Table of Contents
- 1. Data Import
- 2. Subsetting
- 5. Appendix
A-Frame Examples. Aframe.io; GitHub; Slack; Twitter; Showcase Directory; Examples. Anime UI; Comic Book; Composite; Curved Mockups; Dynamic Lights; Hand Tracking. See how BuzzFeed harnessed the power of the Frame.io API. Read the case study. Learn more about our enterprise plan Spend less time on logistics and more on creating. Apple Design Award Winner No Strings Attached. Stay connected when you’re on the move with our powerful, pocket-sized platform. This attribute allows you to give a name to a frame. It is used to indicate which frame a document should be loaded into. This is especially important when you want to create links in one frame that load pages into an another frame, in which case the second frame needs a name to identify itself as the target of the link.
This is a loose port of adataframe tutorial RosettaStone to compare traditional dataframe tools built in R, Julia,Python, etc. withFrames. Performing dataanalysis in Haskell brings with it a few advantages:
- Interactive exploration is supported in GHCi
- GHC produces fast, memory-efficient code when you're ready to run aprogram that might take a bit of time
- You get to use Haskell to write your own functions when what youwant isn't already defined in the library
- The code you write is statically typed so that mismatches betweenyour code and your data data are found by the type checker
The example data fileused (specifically, the
u.user file from the MovieLens 100kdata set) does not include column headers, nor does it use commasto separate values, so it does not fall into the sweet spot of CSVparsing that
Frames is aimed at. That said, this mismatch of testdata and library support is a great opportunity to verify that
Frames are flexible enough to meet a variety of needs.
We begin with rather a lot of imports to support a variety of testoperations and parser customization. I encourage you to start with asmaller test program than this!

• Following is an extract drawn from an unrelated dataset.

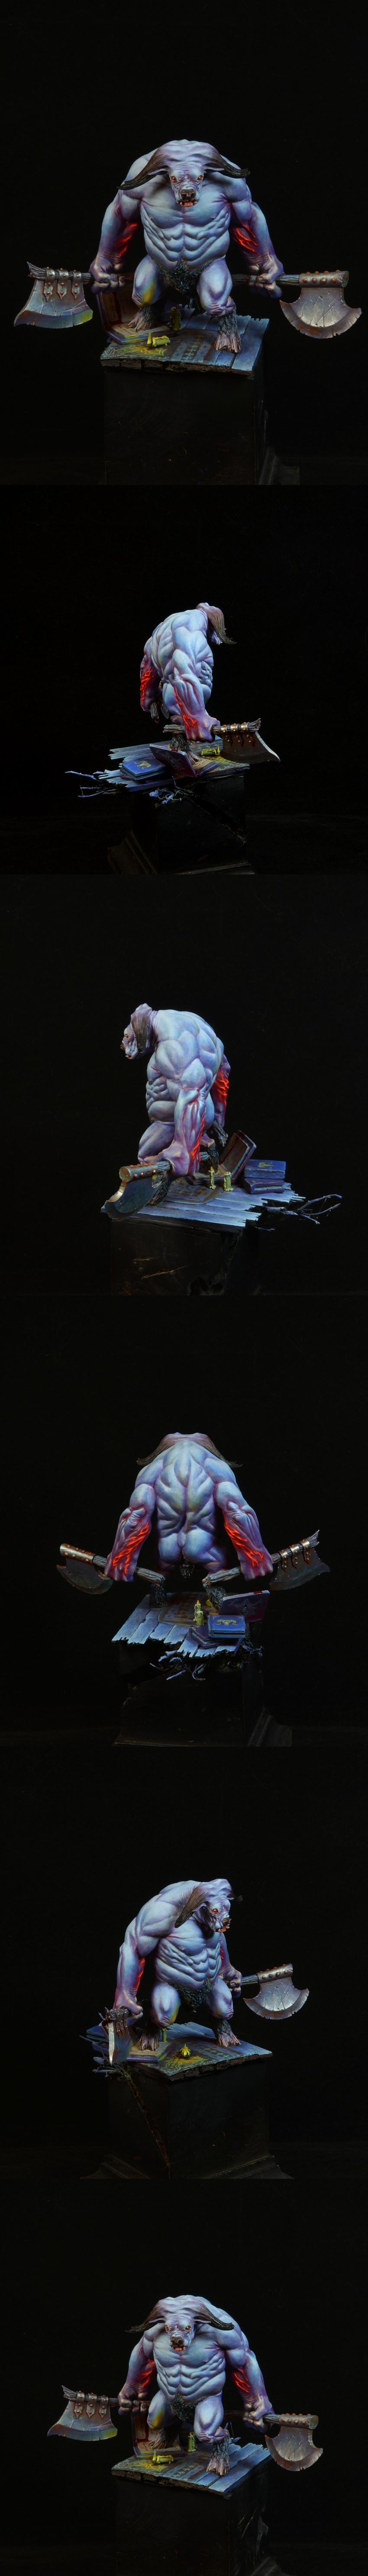 Lwpc2014-monster-minotaure

A few other imports will be used for highly customized parsing later.
1 Data Import
We usually package column names with the data to keep things a bitmore self-documenting. In the common case where a data file has aheader row providing column names, and columns are separated bycommas, generating the types needed to import a data set is as simpleas,
The data set this example considers is rather far from the sweetspot of CSV processing that
Frames is aimed it: it does not includecolumn headers, nor does it use commas to separate values! However,these mismatches do provide an opportunity to see that the
Frameslibrary is flexible enough to meet a variety of needs.

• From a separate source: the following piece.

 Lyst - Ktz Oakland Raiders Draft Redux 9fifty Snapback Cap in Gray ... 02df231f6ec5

This template haskell splice explicitly specifies the name for theinferred record type, column names, a separator string, and thedata file from which to infer the record type (i.e. what typeshould be used to represent each column). The result of this spliceis included in an appendix below so you can flipbetween the generated code and how it is used.
Since this data is far from the ideal CSV file, we have to tell
Frames how to interpret the data so that it can decide what datatype to use for each column. Having the types depend upon the data inthe given file is a useful exercise in this domain as the actual shapeof the data is of paramount importance during the early import andexploration phases of data analysis.

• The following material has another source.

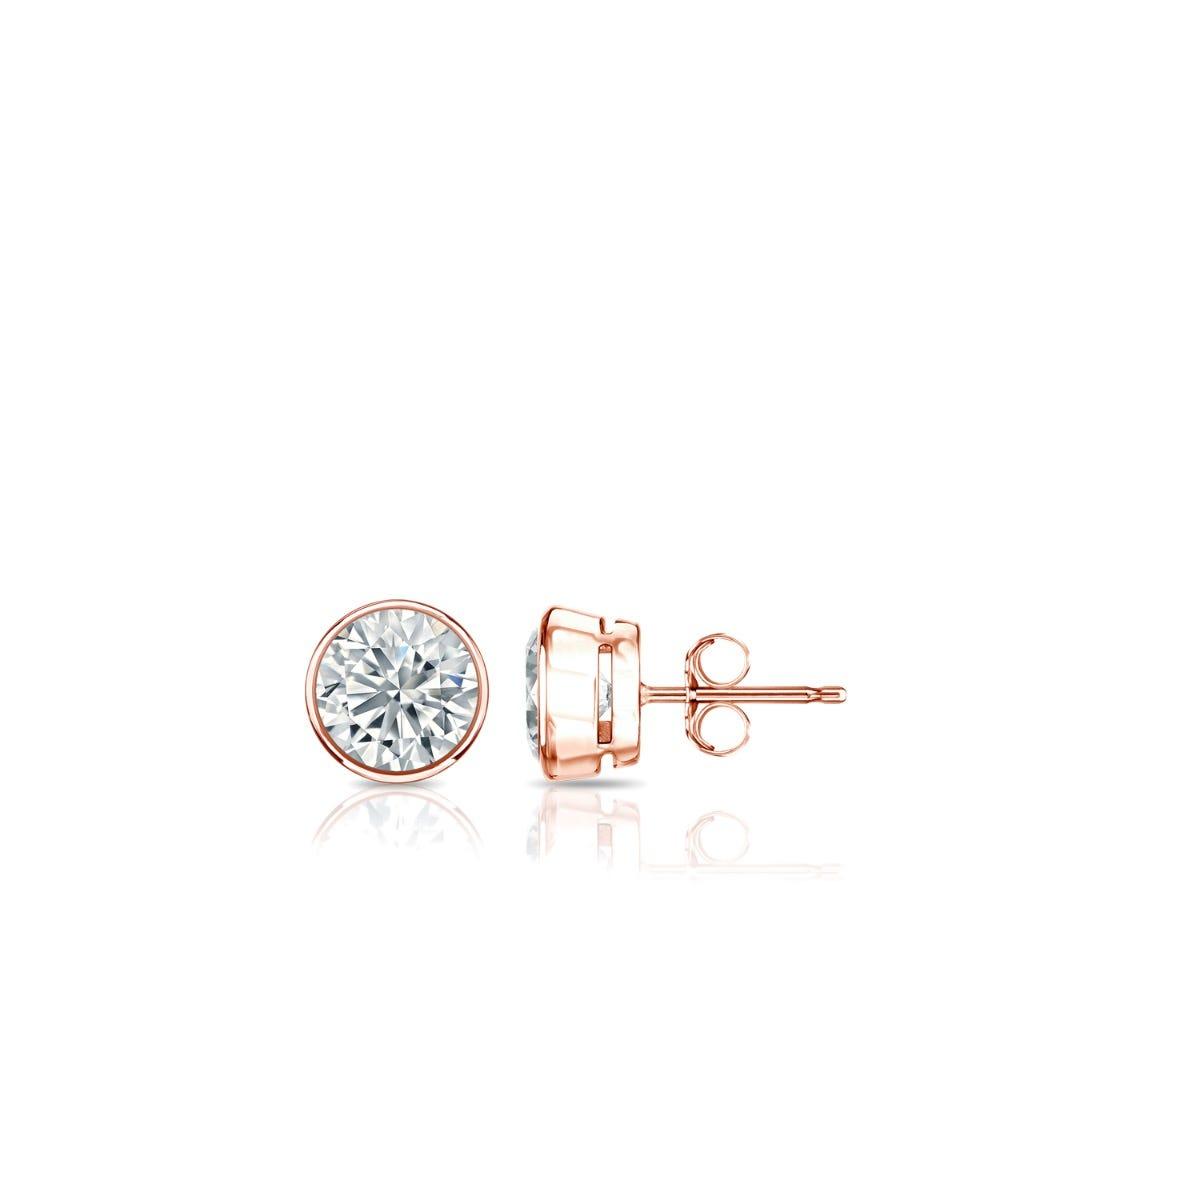 Diamond Round Bezel-Set 1/7ctw. Solitaire Stud (IJ-SI1) Earrings in 14K Rose Gold

We can load the module into
cabal repl to see what we have so far.
This lets us perform a quick check that the types are basically whatwe expect them to be.
We now define a streaming representation of the full data set. If thedata set is too large to keep in memory, we can process it as itstreams through RAM.
Alternately, if we want to run multiple operations against a data setthat can fit in RAM, we can do that. Here we define an in-core (inmemory) array of structures (AoS) representation.
1.1 Streaming Cores?
Frame is an in-memory representation of your data. The
Frameslibrary stores each column as compactly as it knows how, and letsyou index your data as a structure of arrays (where each field ofthe structure is an array corresponding to a column of your data),or as an array of structures, also known as a
Frame. These latterstructures correspond to rows of your data. Alternatively, rows ofdata may be handled in a streaming fashion so that you are notlimited to available RAM. In the streaming paradigm, you processeach row individually as a single record.
O(1) indexing, as well as any other operationsyou are familiar with based on the
Foldable class. If a data set issmall, keeping it in RAM is usually the fastest way to performmultiple analyses on that data that you can't fuse into a singletraversal.
Producer of rows is a great way to whittle down alarge data set before moving on to whatever you want to do next.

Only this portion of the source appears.